Income Taxes: The Company provides for current and deferred income tax liabilities and assets utilizing an asset and liability approach along with a valuation allowance as appropriate. The Company concluded that no valuation allowance was necessary because it is more likely than not that the Company will earn sufficient income before the expiration of its net operating loss carry-forwards to fully realize the value of the recorded deferred tax asset. As of December 31, 2017, the net operating loss carry-forward was approximately $22 million which expires between the years 2019 and 2036. As a result of the 2017 Tax Act, the Company reduced the carrying value of the tax impact of the net operating loss carry-forward to reflect the new highest corporate income tax rate of 21% versus the old rate of 34%. Management made the determination that no valuation allowance was necessary after reviewing the Company’s business plans, relevant known facts to date, recent trends, current performance and analysis of the backlog of franchises sold but not yet open.

 

U.S. generally accepted accounting principles require the Company to examine its tax positions for uncertain positions.

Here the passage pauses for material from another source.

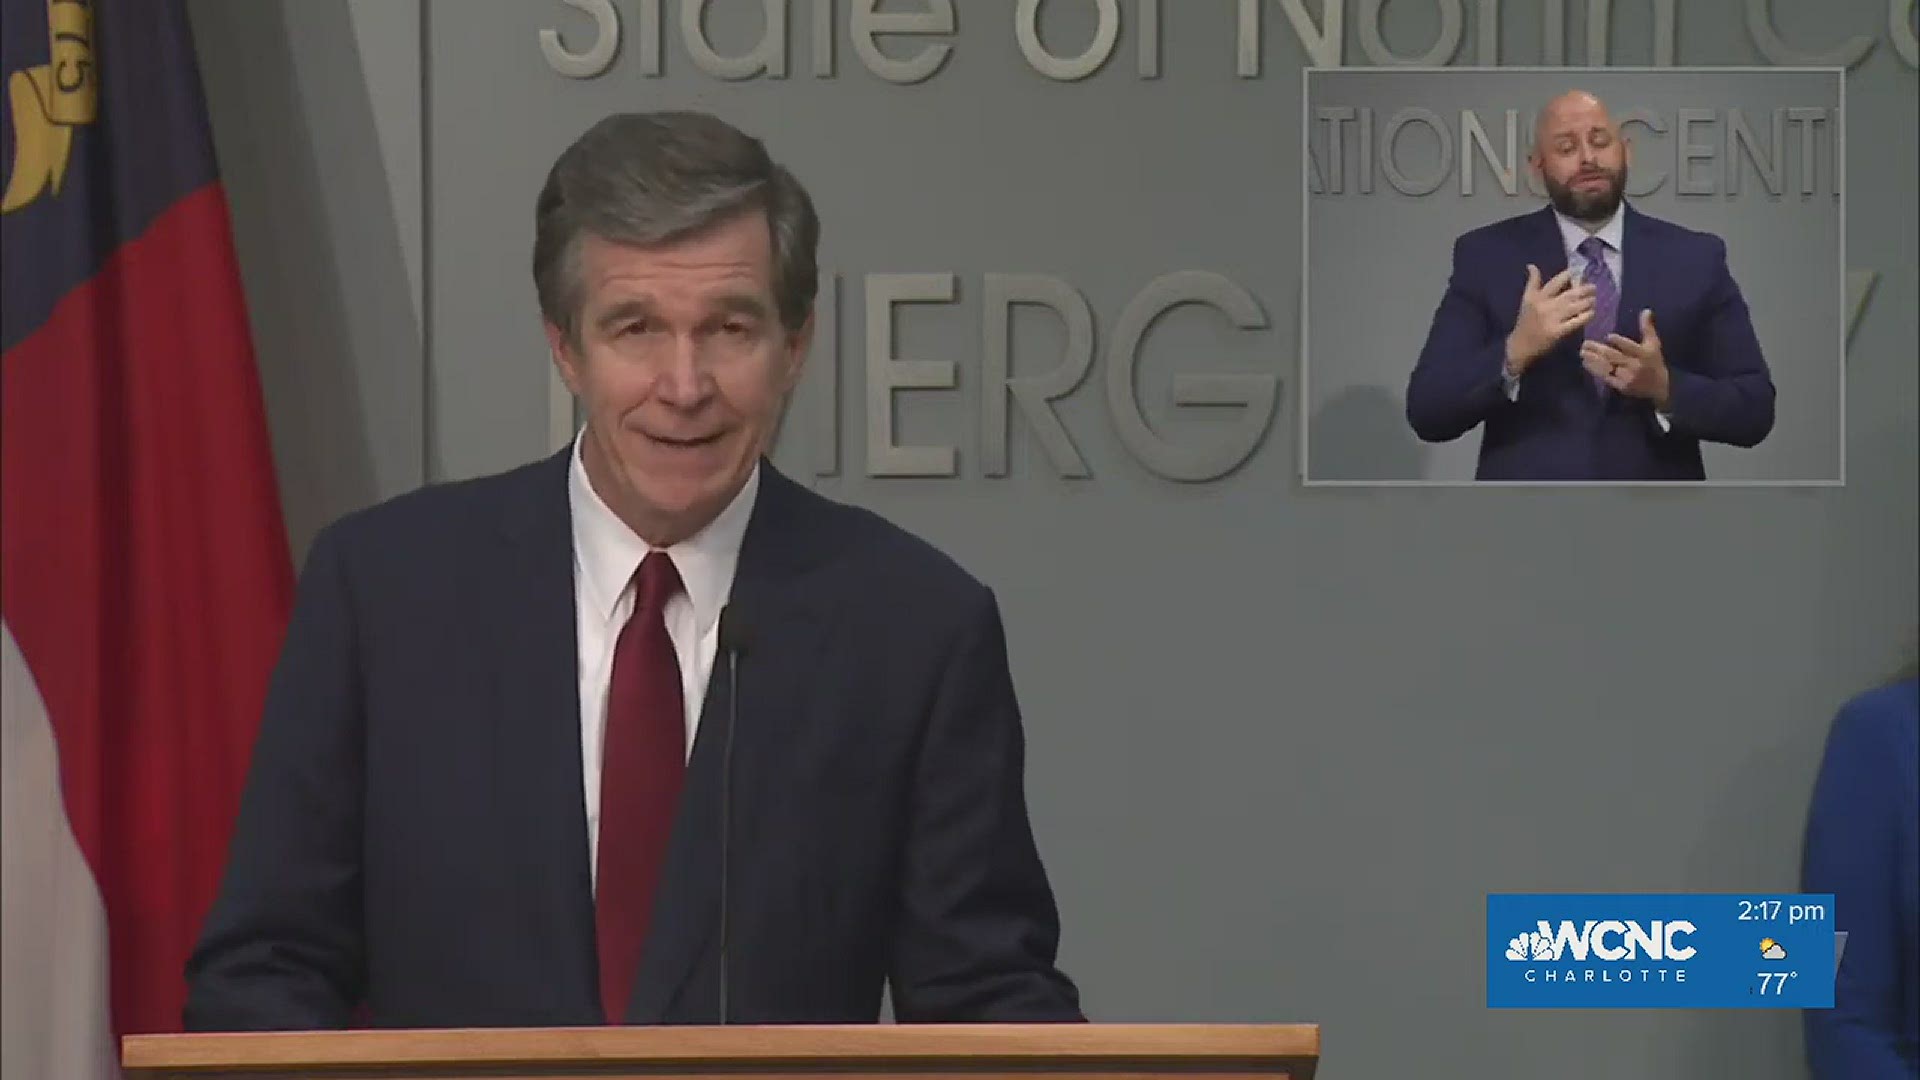 North Carolina Governor Roy Cooper says coronavirus parties to prominent herd immunity is "completely irresponsibility and unacceptable."

Management is not aware of any tax positions that are more likely than not to change in the next 12 months, or that would not sustain an examination by applicable taxing authorities. The Company’s policy is to recognize penalties and interest as incurred in its Consolidated Statements of Operations. None were included for the years ended December 31, 2015, 2016 and 2017. The Company’s federal and various state income tax returns for 2014 through 2017 are subject to examination by the applicable tax authorities, generally for three years after the later of the original or extended due date.

 

Basic and Diluted Net Income Per Share: Net income per share is based on the weighted average number of common shares outstanding during the respective year. When dilutive, stock options and warrants are included as share equivalents using the treasury stock method.

 

The following table sets forth the calculation of basic and diluted earnings per share for the year ended December 31, 2015:

 

    Income     Shares     Per Share  
    (Numerator)     (Denominator)     Amount  
Earnings per share – basic                  
Net income     785,778       20,517,846     $ 0.04  
Effect of dilutive securities                        
Options     -       921,396          
Diluted earnings per share                        
Net income   $ 785,778       21,439,242     $ 0.04  

 

The following table sets forth the calculation of basic and diluted loss per share for the year ended December 31, 2016:

 

    Income     Shares     Per Share  
    (Numerator)     (Denominator)     Amount  
Loss per share – basic                  
Net loss     (870,840 )     20,781,886     $ (0.04 )
Effect of dilutive securities                        
Options     -       32,845          
Convertible notes     -       393,442          
Diluted loss per share                        
Net loss   $ (870,840 )     21,208,173     $ (0.04 )

 

The following table sets forth the calculation of basic and diluted loss per share for the year ended December 31, 2017:

 

    Income     Shares     Per Share  
    (Numerator)     (Denominator)     Amount  
Loss per share – basic                  
Net loss     (3,384,927 )     20,783,032     $ (0.16 )
Effect of dilutive securities                        
Options             222,624          
Convertible notes     345,208       4,698,630          
Diluted loss per share                        
Net loss   $ (3,039,719 )     25,704,286     $ (0.16 )

 

(1) Net loss per share is shown the same as basic loss per share because the underlying dilutive securities have an anti-dilutive effect.

 

Subsequent Events: The Company evaluated subsequent events through the date the consolidated statements were issued and filed with the annual report In January 2018, the Company opened its third Craft Pizza & Pub and, in March 2018, the Company signed a lease and began development of the fourth Craft Pizza & Pub. In February 2018, the holder of $100,000 convertible note elected to convert that note to 200,000 shares of common stock in accordance with the terms of the note.

 

No subsequent event required recognition or disclosure except as discussed above.